RandomForestRegressor(bootstrap=True, criterion='mse', max_depth=None,
           max_features='auto', max_leaf_nodes=None,
           min_impurity_decrease=0.0, min_impurity_split=None,
           min_samples_leaf=10, min_samples_split=2,
           min_weight_fraction_leaf=0.0, n_estimators=1000, n_jobs=-1,
           oob_score=False, random_state=None, verbose=0, warm_start=False)

## Model performance evaluation

In [26]:
print("Min / Median / Max of Point: {} {} {}".format(np.min(df_final.point),
                                                   np.median(df_final.point),
                                                   np.max(df_final.point)))
print("Train MSE: {:.3f}; Test MSE: {:.3f}".format(mean_squared_error(y_train, best_rf.predict(X_train)),
                                                 mean_squared_error(y_test, best_rf.predict(X_test))))

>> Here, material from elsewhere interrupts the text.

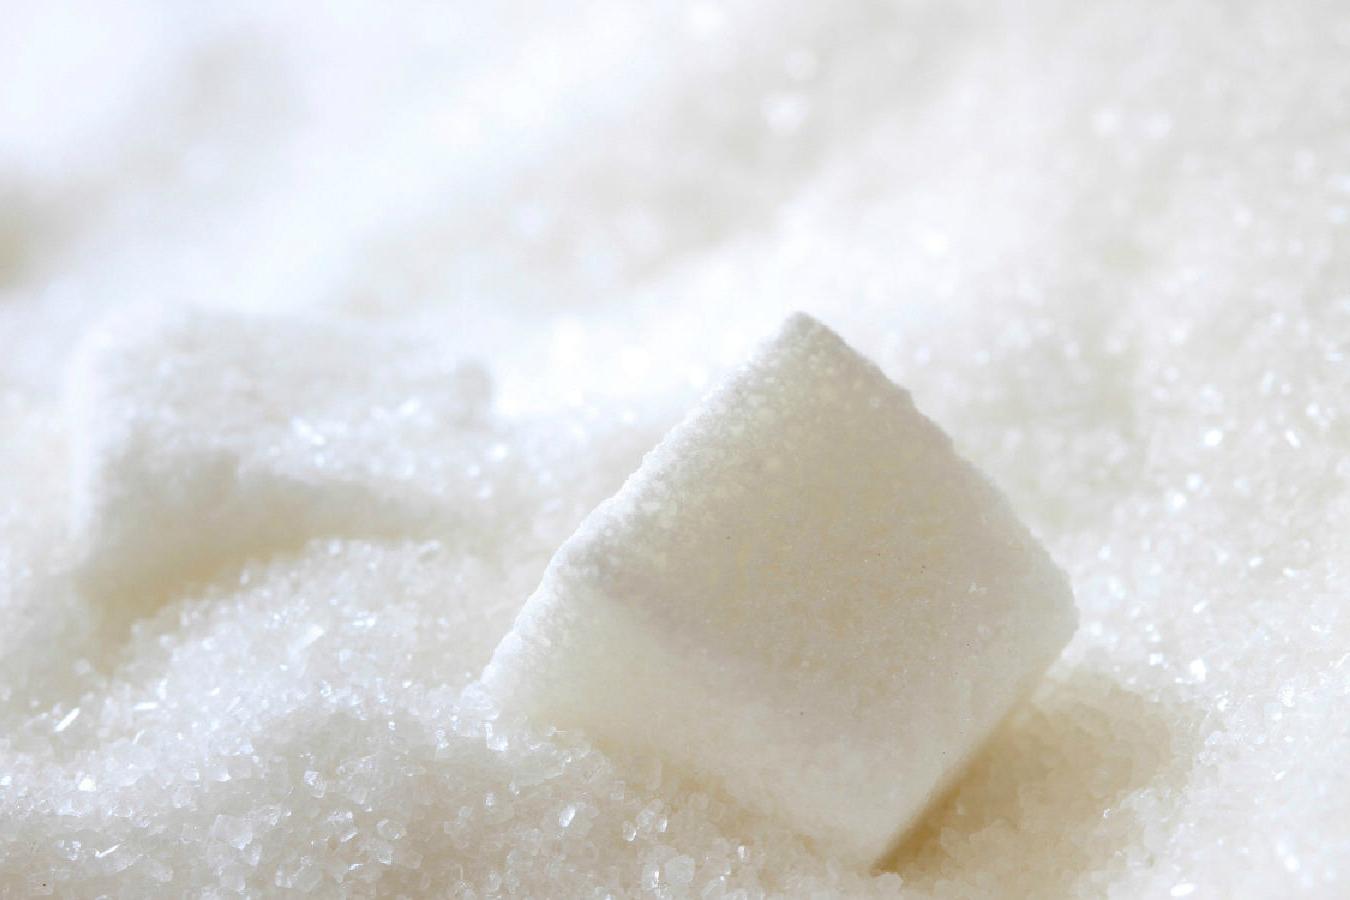 Україна збільшила експорт цукру у 33 рази

Min / Median / Max of Point: 0.0 4.6 21.0
Train MSE: 6.798; Test MSE: 9.499


The Train MSE is lower than Test MSE substantially, so it seems like our model overfits the training data. Also the error is substantial given that the median point scored is only 4.6.

We will build better model, potentially including team statistics along with individual statistics.